Vulnerabilities in Mobile Networks Opens Bitcoin Wallets to Hackers

Positive Technologies shows how hackers can gain access to bitcoin wallets using architecture flaws in SS7

Cryptocurrencies offer unprecedented transaction speeds and remittance security, but this is compromised by the weak security of digital wallets storing them. Positive Technologies has demonstrated an attack on a user account of Coinbase — one of the largest bitcoin exchanges in the world, which manages assets of over 9 million clients, with more than 20 billion USD in various digital currencies combined on their accounts.

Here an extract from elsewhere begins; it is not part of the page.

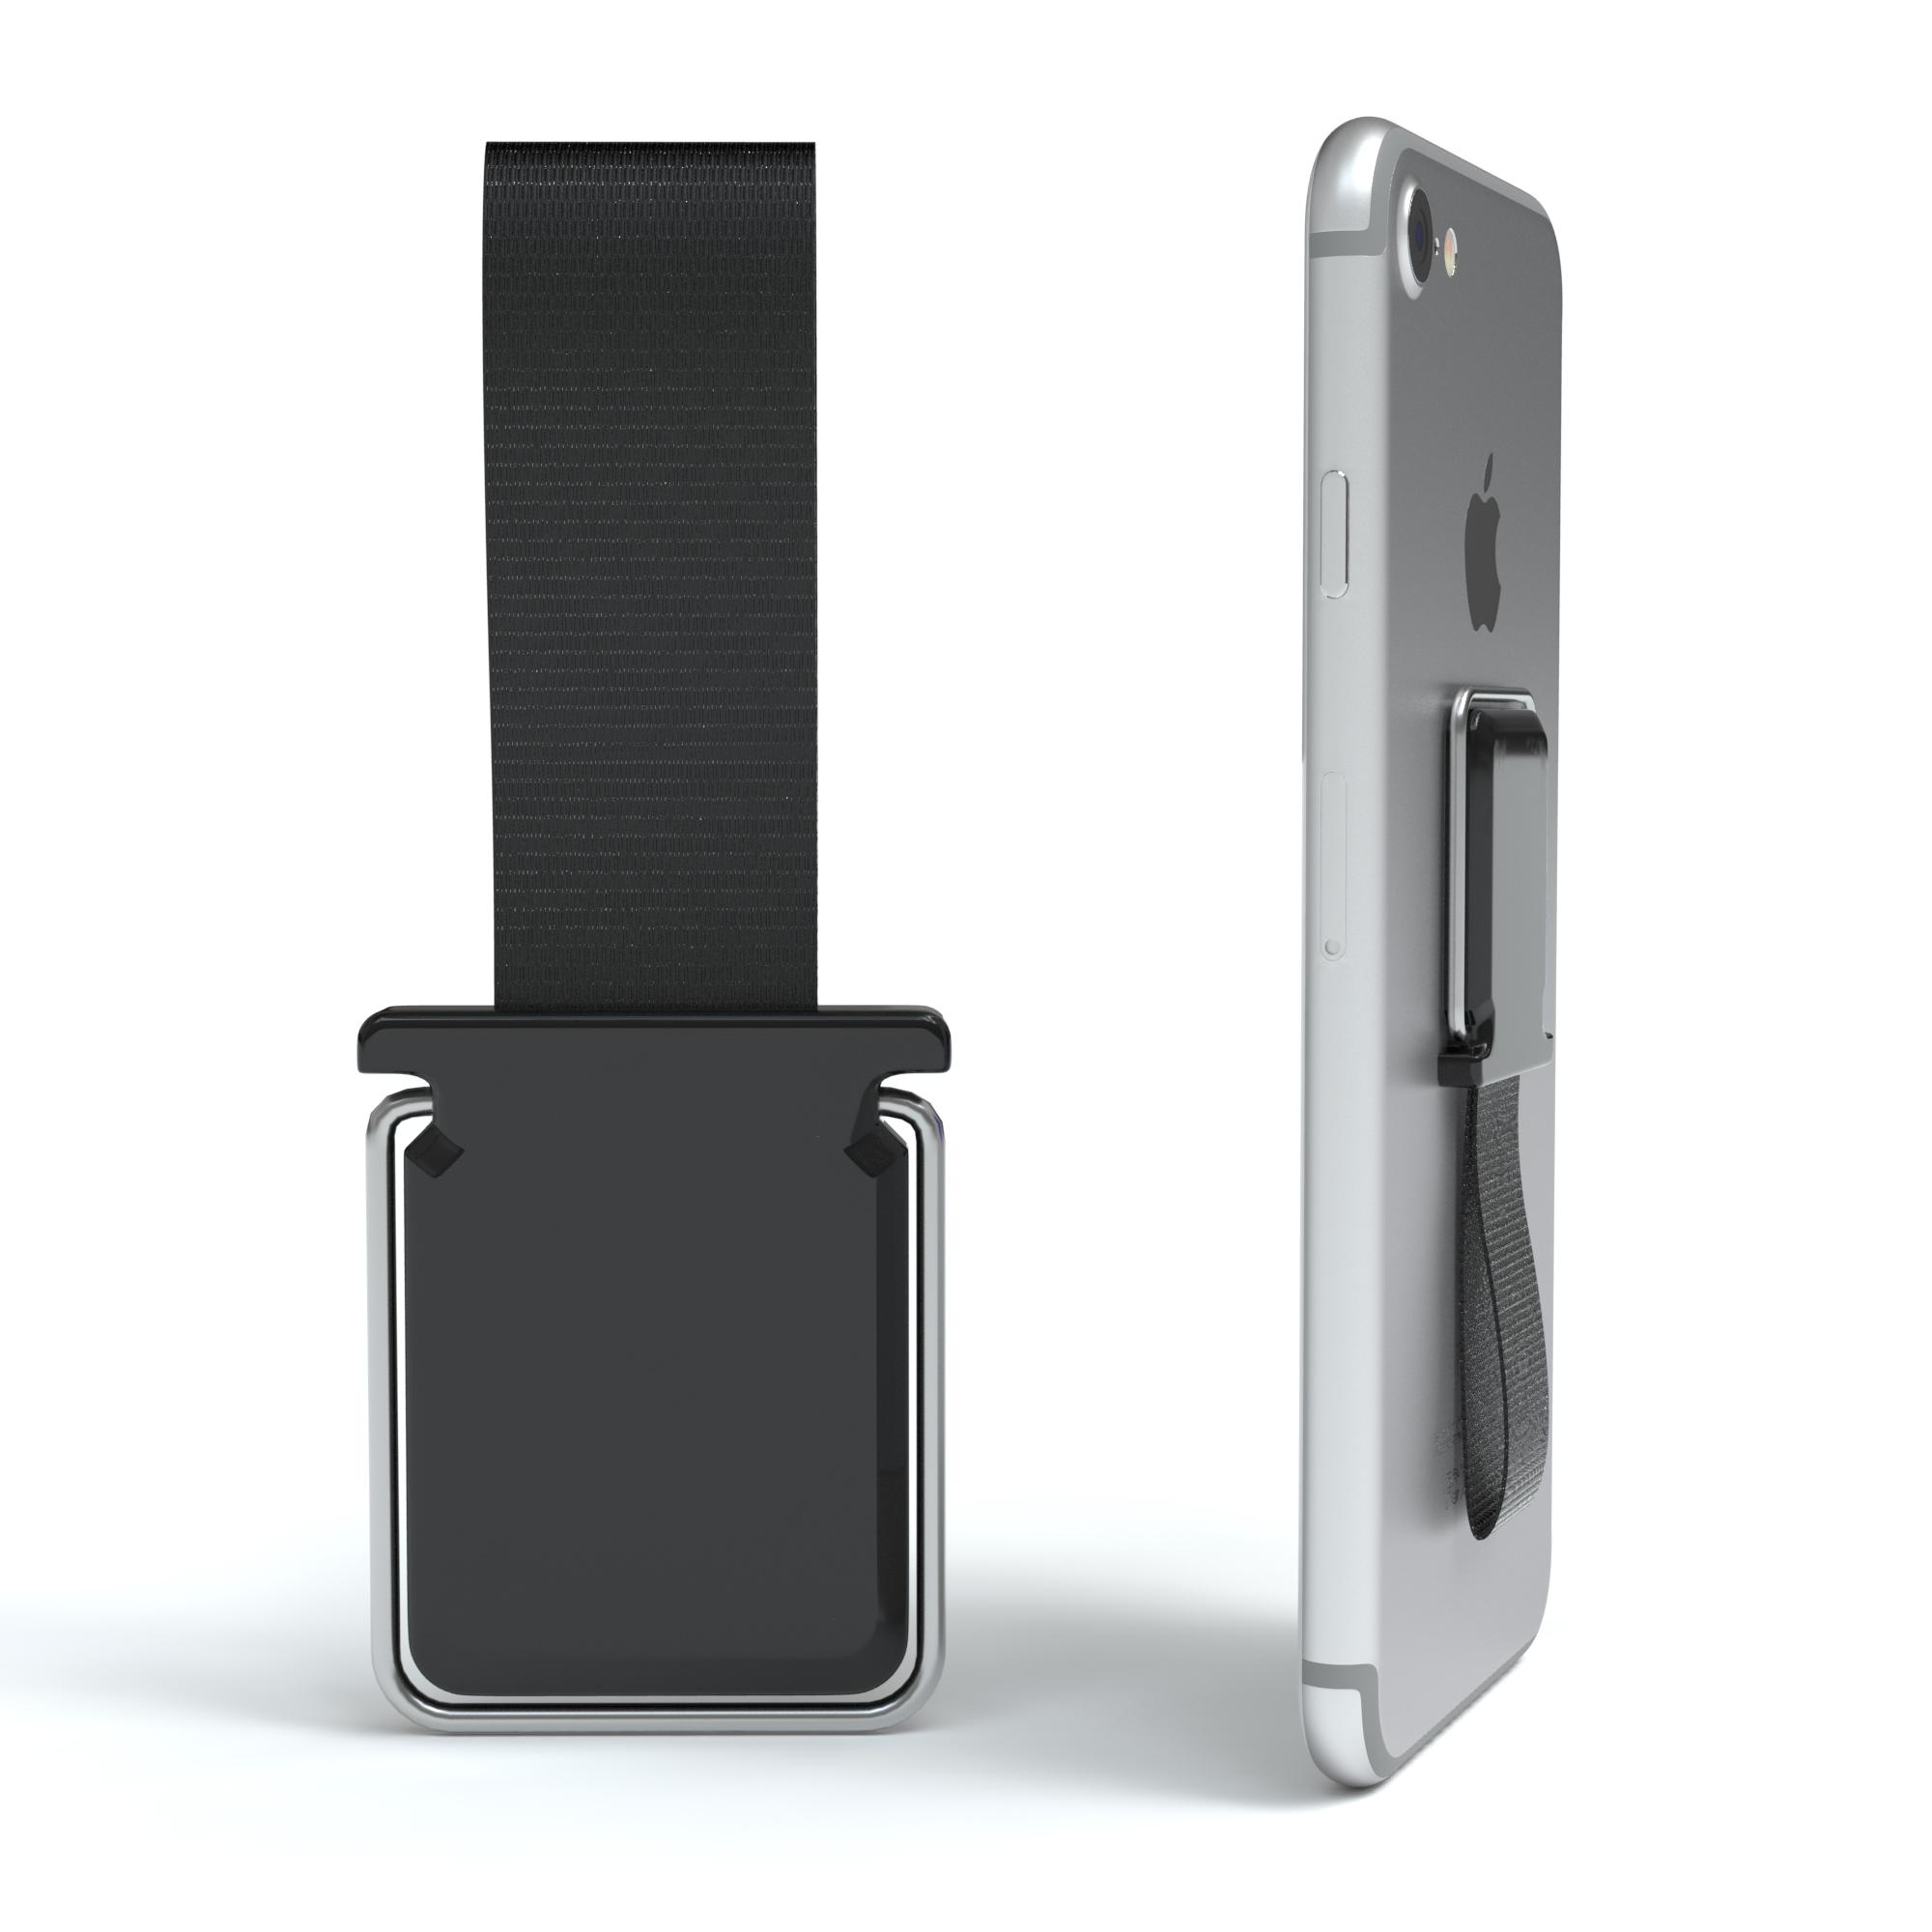 finger halterung handy 2in1 standfunktion fingerschlaufe. Black Bedroom Furniture Sets. Home Design Ideas
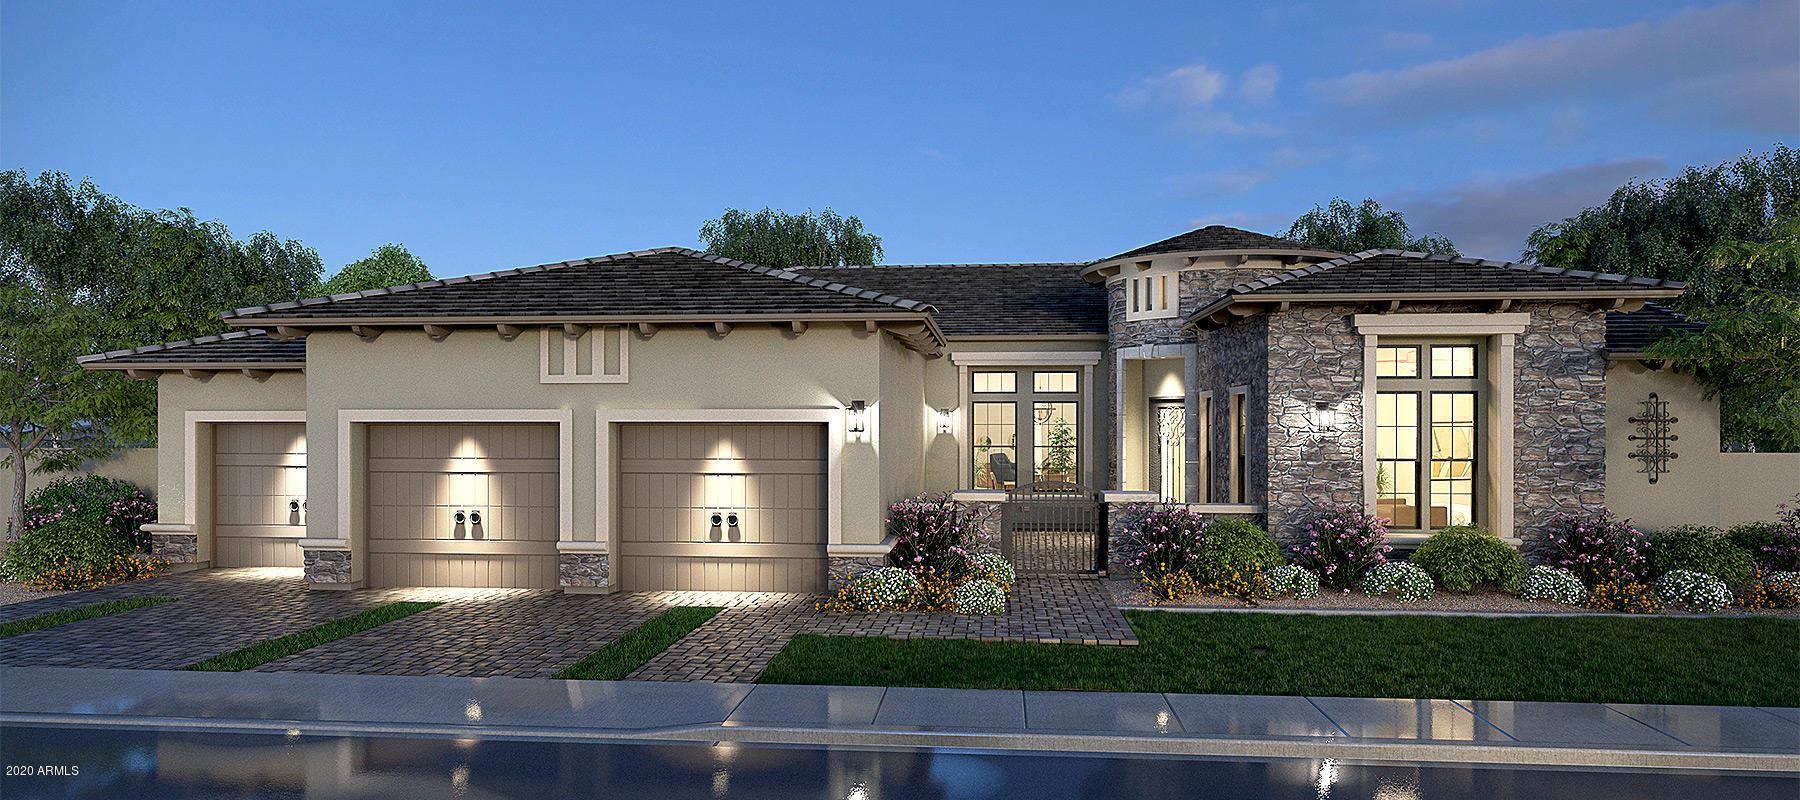 2782 E WATERMAN Street, Gilbert, AZ 85297 - MLS#: 6102988

Minimum personal information about a victim – their first name, last name, and phone number – was enough to hack a test wallet in Coinbase. By exploiting SS7 vulnerabilities to intercept SMS with one-time passwords, PT researchers were able to learn the email address linked to the wallet, obtained control over it, and gained access to the wallet itself.  Once they had the account password for the wallet, they were easily able to withdraw cybermoney.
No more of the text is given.